On 18/04/2025 20:01, Caleb Sander Mateos wrote:
> On Wed, Apr 16, 2025 at 3:28 PM Sagi Grimberg <sagi at grimberg.me> wrote:
>>
>>
>> On 16/04/2025 9:31, Shinichiro Kawasaki wrote:
>>> Hello all,
>>>
>>> Recently the new test case nvme/062 was added, which tests
>>> "TLS-encrypted connections". I ran it with the kernel v6.15-rc2, and observed
>>> "BUG: kernel NULL pointer dereference" followed by system hang [1].
>>>
>>>     When I had run the test case with v6.14 kernel, I had not observed the
>>>     failure. However, I noticed that when I repeat the test case several times on
>>>     the v6.14 kernel, the same failure happens. It looks that the problem has been
>>>     existing for a while, and kernel changes between v6.14 and v6.15-rc2 increased
>>>     the failure ratio.
>>>
>>> Actions for fix will be appreciated. I can run tests with debug patches or fix
>>> candidate patches.
>>>
>>> [1]
>>>
>>> [  285.443497][ T1440] run blktests nvme/062 at 2025-04-16 14:41:30
>>> [  285.586272][ T1531] nvmet: adding nsid 1 to subsystem blktests-subsystem-1
>>> [  285.596633][ T1532] nvmet: Allow non-TLS connections while TLS1.3 is enabled
>>> [  285.601564][ T1535] nvmet_tcp: enabling port 0 (127.0.0.1:4420)

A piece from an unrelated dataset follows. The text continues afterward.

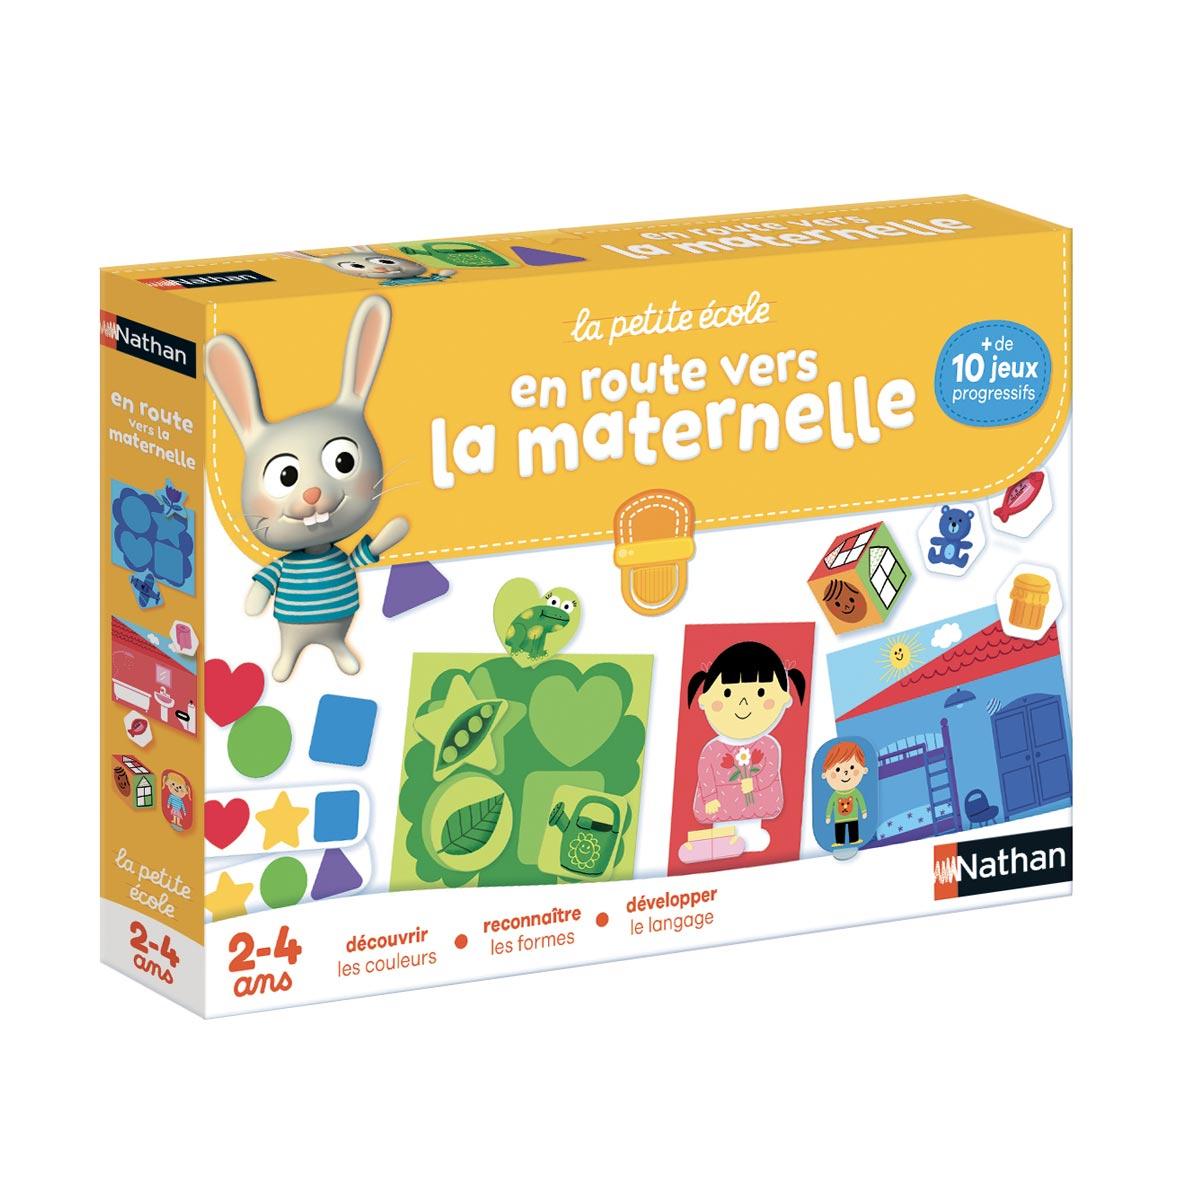 Coffret De Jeux En Route Vers La Maternelle avec Jeux Educatif Maternelle Moyenne Section

>>> [  285.646164][ T1542] nvme nvme1: failed to connect socket: -512
>>> [  285.651941][   T48] nvmet_tcp: failed to allocate queue, error -107
>>> [  285.654954][   T65] nvmet: Created nvm controller 1 for subsystem blktests-subsystem-1 for NQN nqn.2014-08.org.nvmexpress:uuid:0f01fb42-9f7f-4856-b0b3-51e60b8de349.

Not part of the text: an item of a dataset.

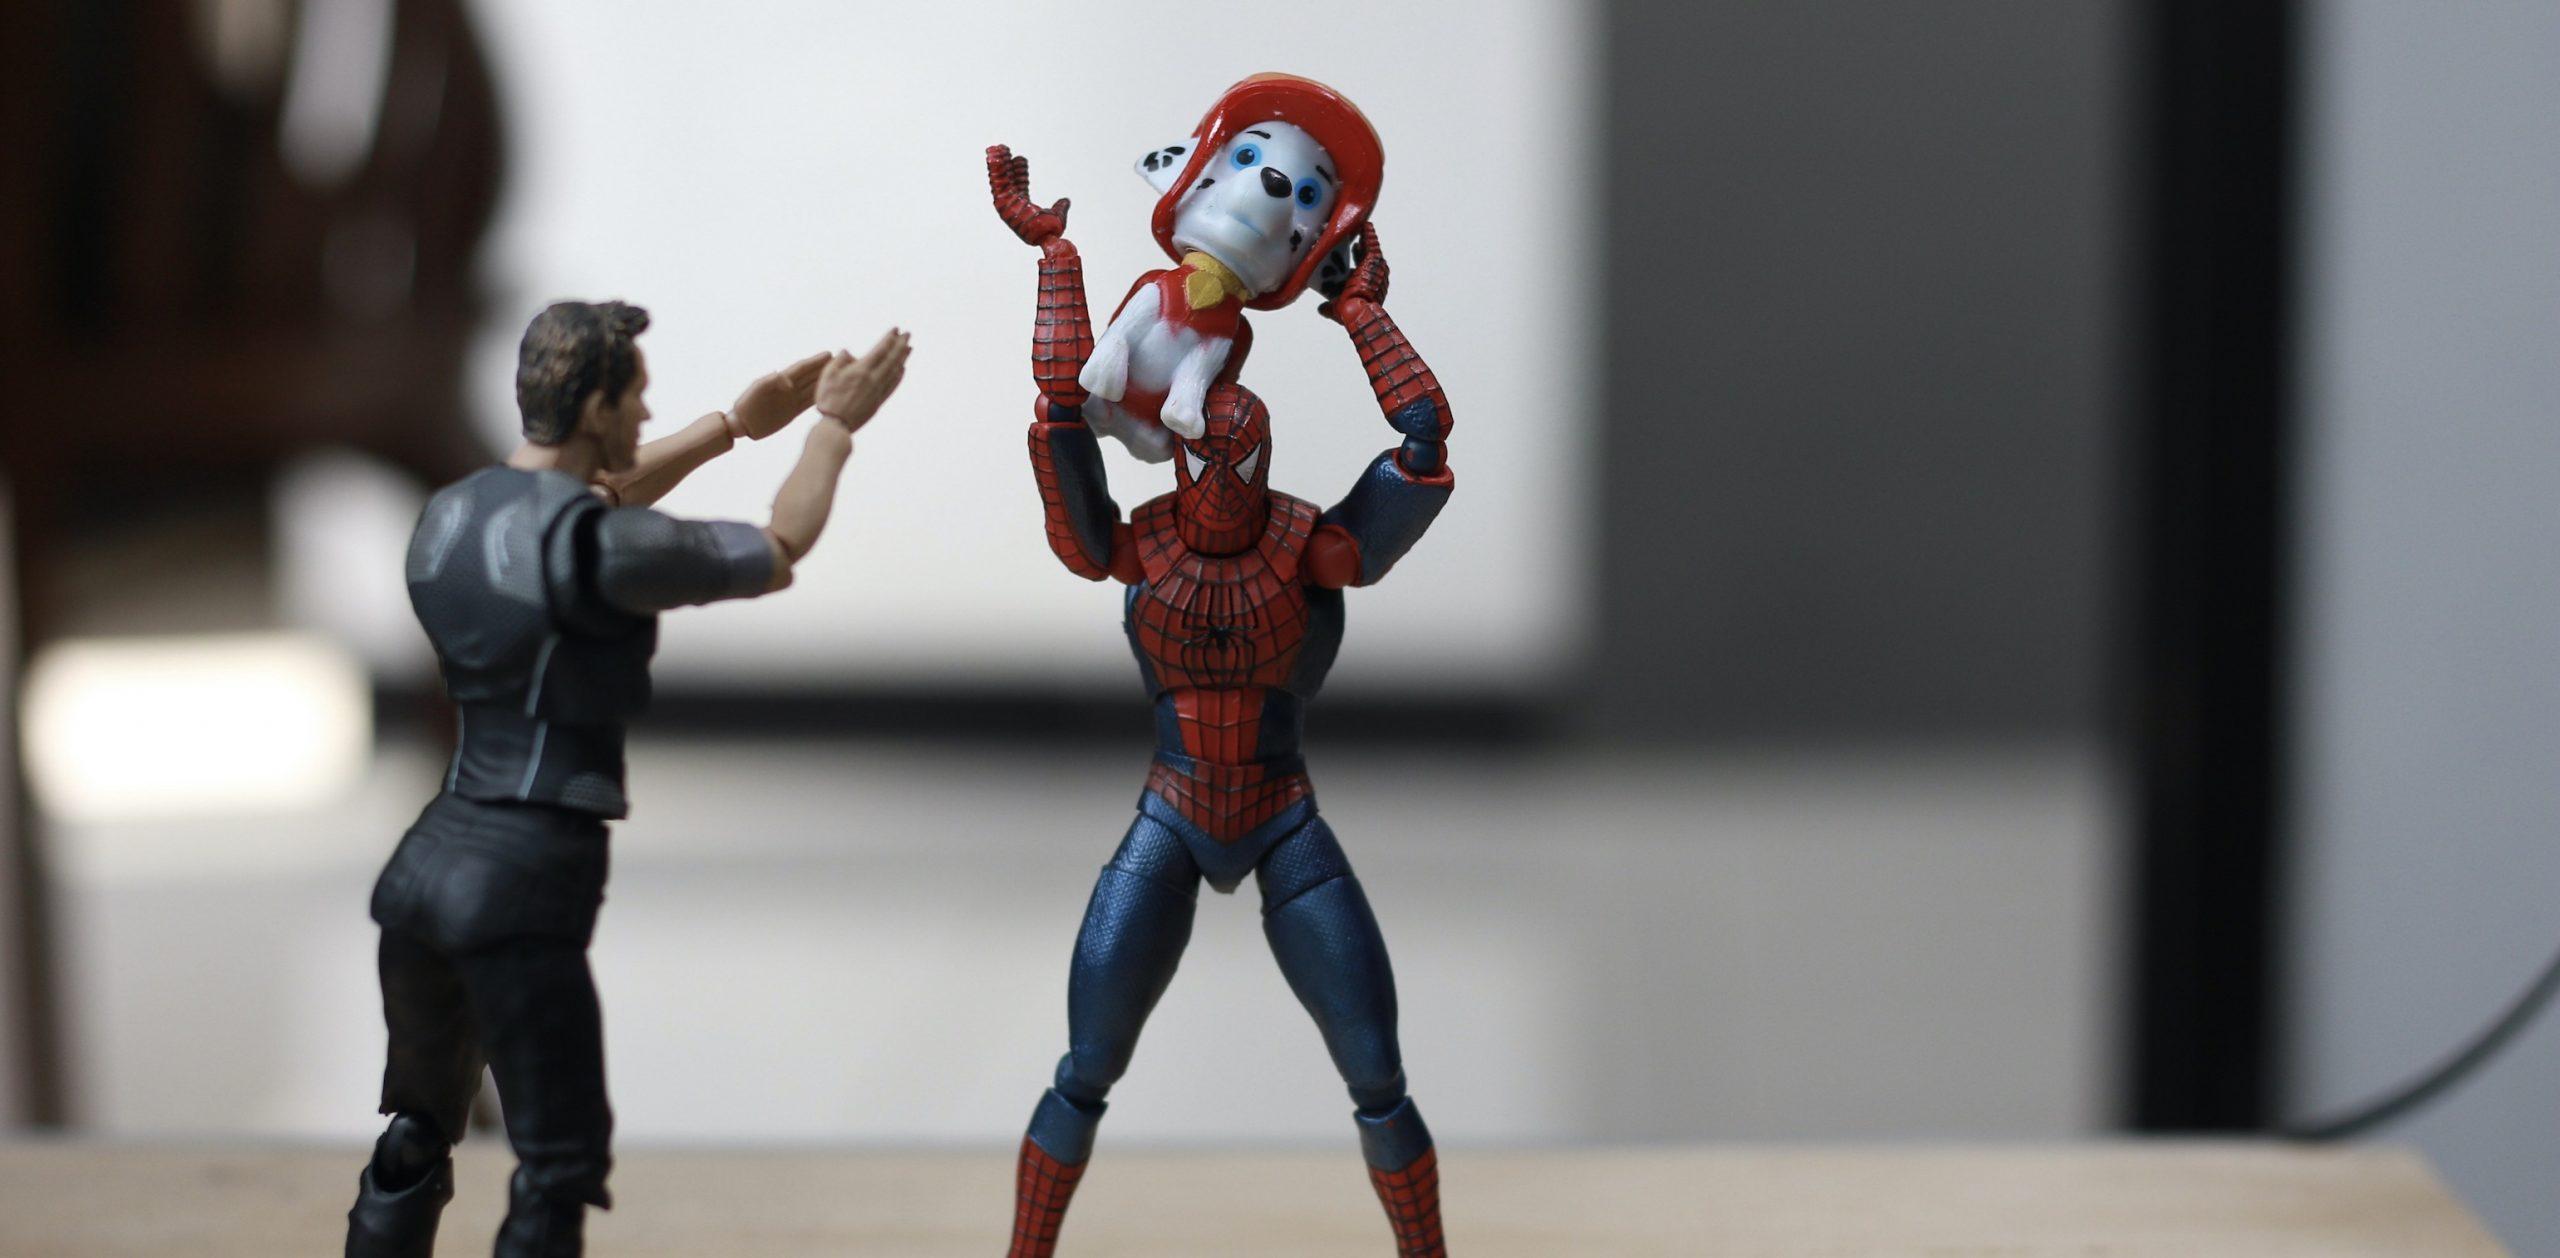 20 süße Bilder von Spiderman, umgeben von Tierbabys!

>>> [  285.658205][ T1542] nvme nvme1: Please enable CONFIG_NVME_MULTIPATH for full support of multi-port devices.
>>> [  285.659759][ T1542] nvme nvme1: creating 4 I/O queues.

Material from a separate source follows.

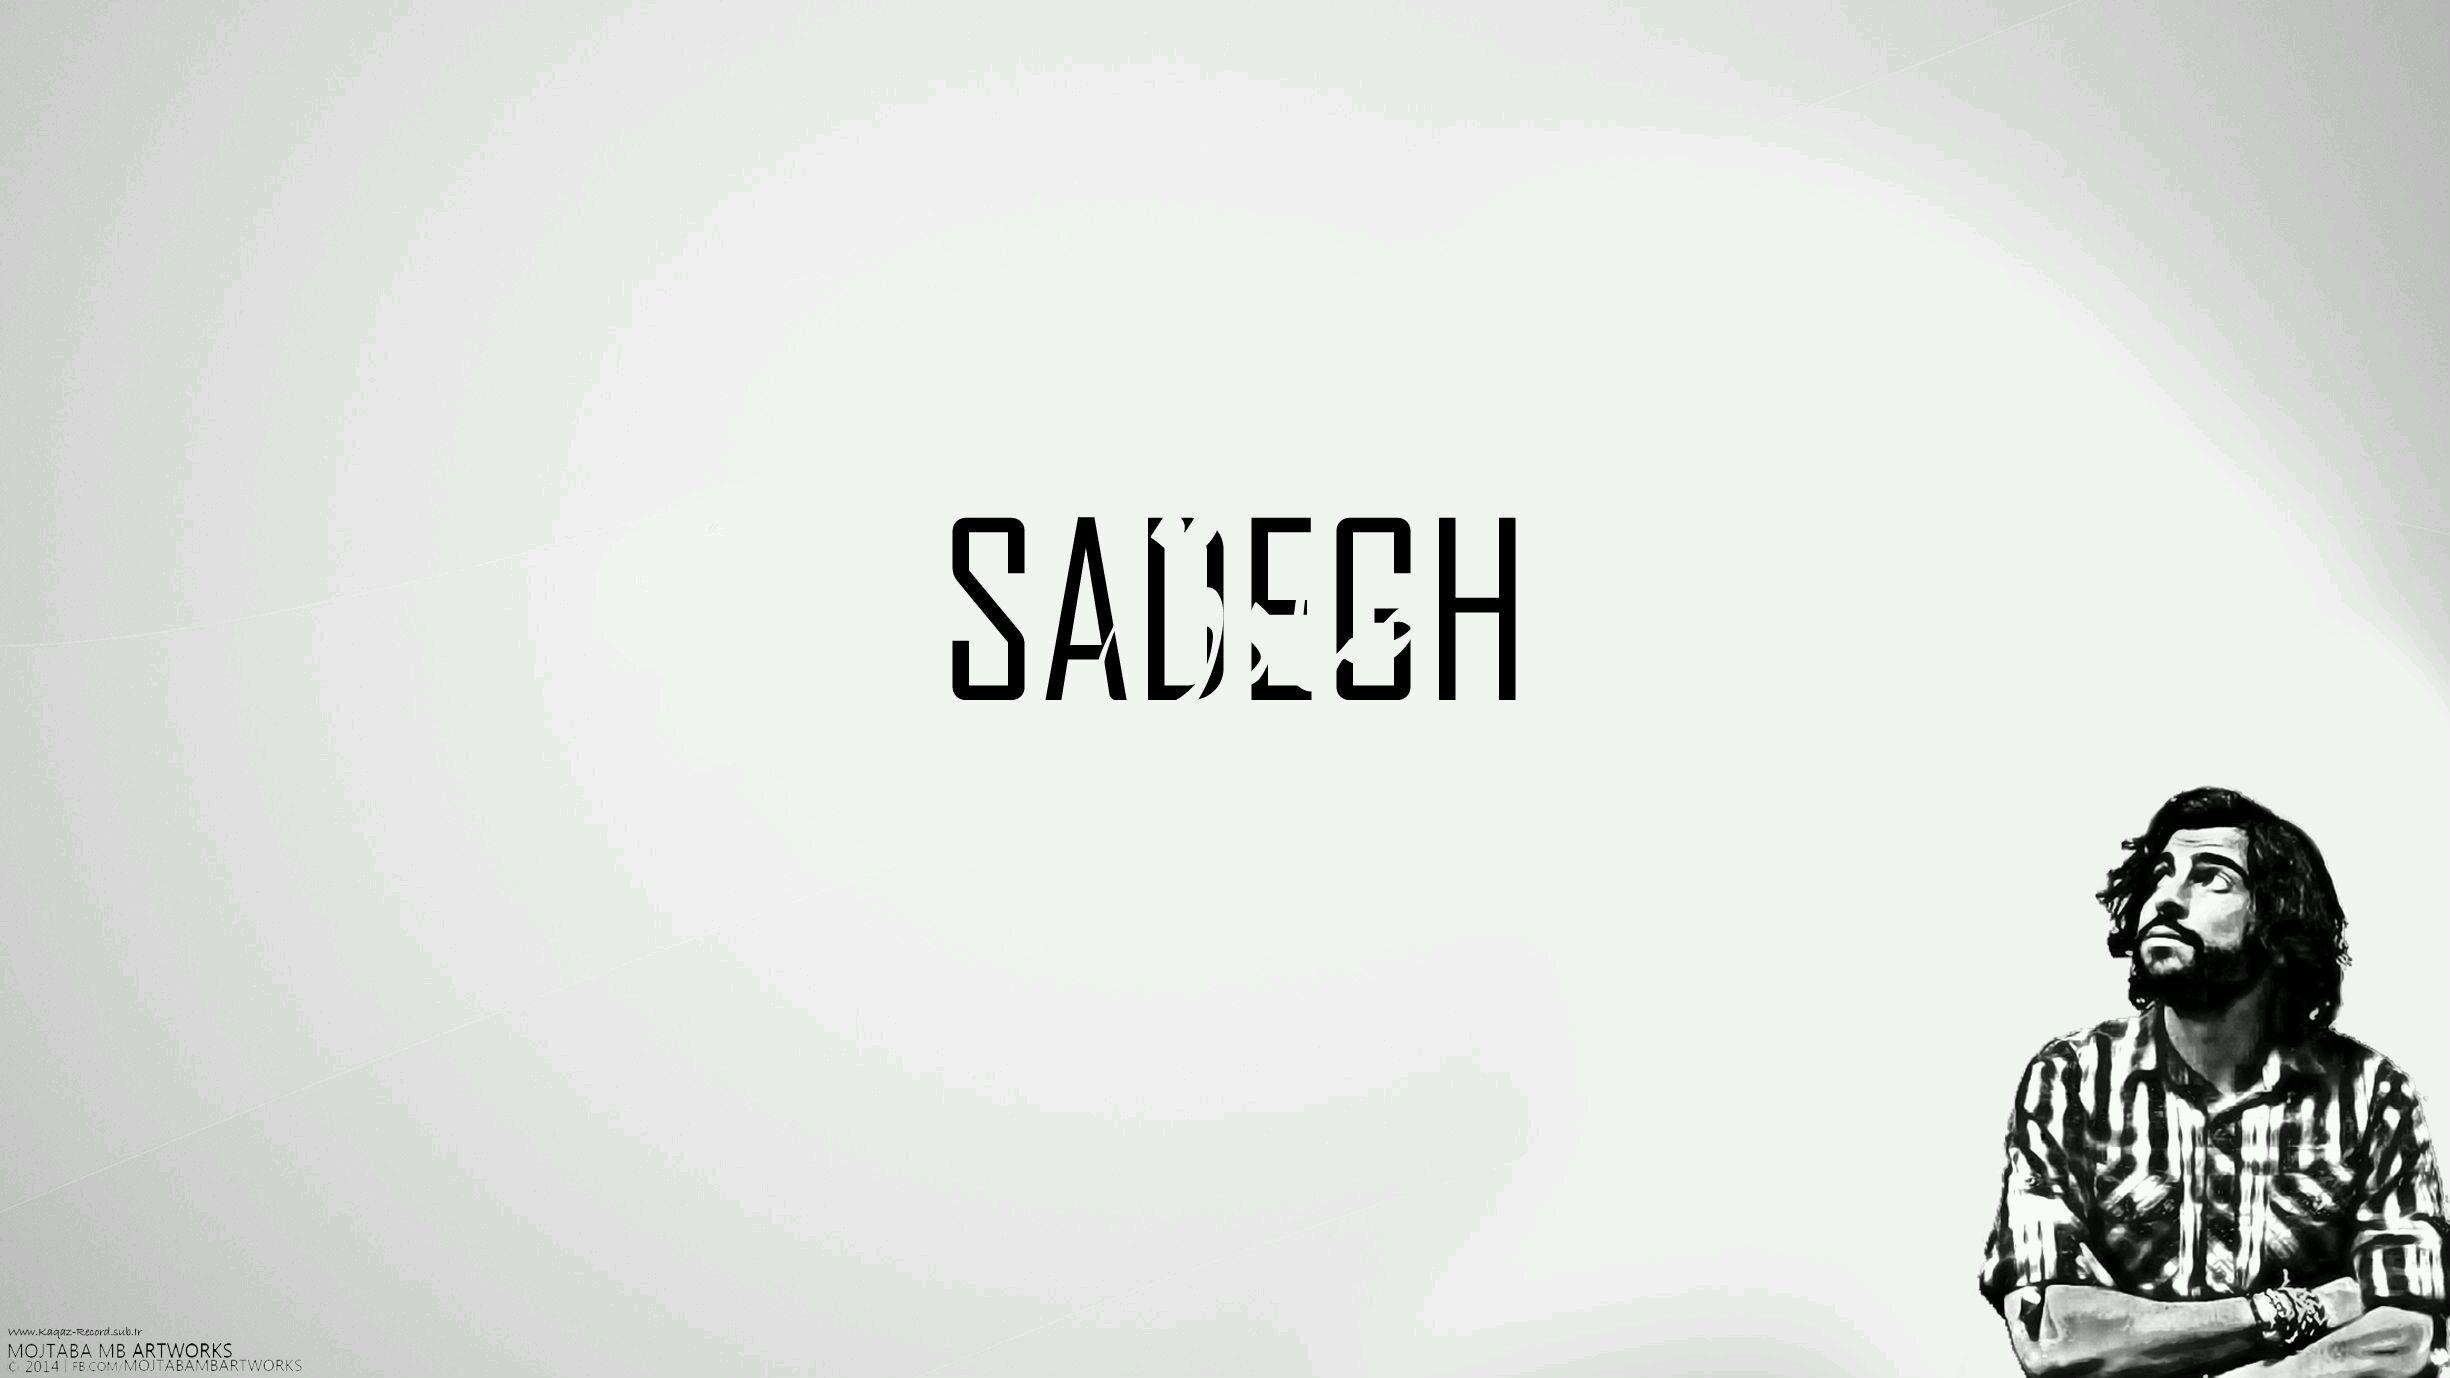 SadeGh Wallpaper 2

>>> [  285.662596][ T1542] nvme nvme1: mapped 4/0/0 default/read/poll queues.
>>> [  285.665446][ T1542] nvme nvme1: new ctrl: NQN "blktests-subsystem-1", addr 127.0.0.1:4420, hostnqn: nqn.2014-08.org.nvmexpress:uuid:0f01fb42-9f7f-4856-b0b3-51e60b8de349
>>> [  285.763327][ T1560] nvme nvme1: Removing ctrl: NQN "blktests-subsystem-1"
>>> [  285.923585][ T1567] nvme nvme1: failed to connect socket: -512
>>> [  285.932856][  T120] nvmet_tcp: failed to allocate queue, error -107
>>> [  286.035851][   T98] nvmet: Created nvm controller 1 for subsystem blktests-subsystem-1 for NQN nqn.2014-08.org.nvmexpress:uuid:0f01fb42-9f7f-4856-b0b3-51e60b8de349, TLS.
>>> [  286.038496][ T1567] nvme nvme1: Please enable CONFIG_NVME_MULTIPATH for full support of multi-port devices.
>>> [  286.040096][ T1567] nvme nvme1: creating 4 I/O queues.
>>> [  286.070856][ T1567] nvme nvme1: mapped 4/0/0 default/read/poll queues.
>>> [  286.074999][ T1567] nvme nvme1: new ctrl: NQN "blktests-subsystem-1", addr 127.0.0.1:4420, hostnqn: nqn.2014-08.org.nvmexpress:uuid:0f01fb42-9f7f-4856-b0b3-51e60b8de349
>>> [  286.200199][ T1604] nvme nvme1: Removing ctrl: NQN "blktests-subsystem-1"
>>> [  286.388688][ T1617] nvmet: adding nsid 1 to subsystem blktests-subsystem-1
>>> [  286.406950][ T1621] nvmet_tcp: enabling port 0 (127.0.0.1:4420)
>>> [  286.460711][ T1628] nvme_tcp: queue 0: failed to receive icresp, error -4
>> Adding Caleb as well I see here also icresp failed with -4
>> Should we hadd special handling for -EINTR?
> What do you have in mind? As far as I can tell, the only relevant
> place in net code that could result in -EINTR is sock_intr_errno(),
> which is only returned when the current task has a signal pending. (If
> there is evidence to the contrary, I would love to see it! Maybe
> tracing signal_generate/signal_deliver would illuminate what's going
> on?) Returning immediately from the syscall when there's a pending
> signal and letting userspace handle the signal and choose to retry the
> syscall seems like standard practice.

We need to understand why this test crashes, and why other tests 
(outside of blktests)
are regressing.

I would like to understand if the source is MSG_WAITALL, and why.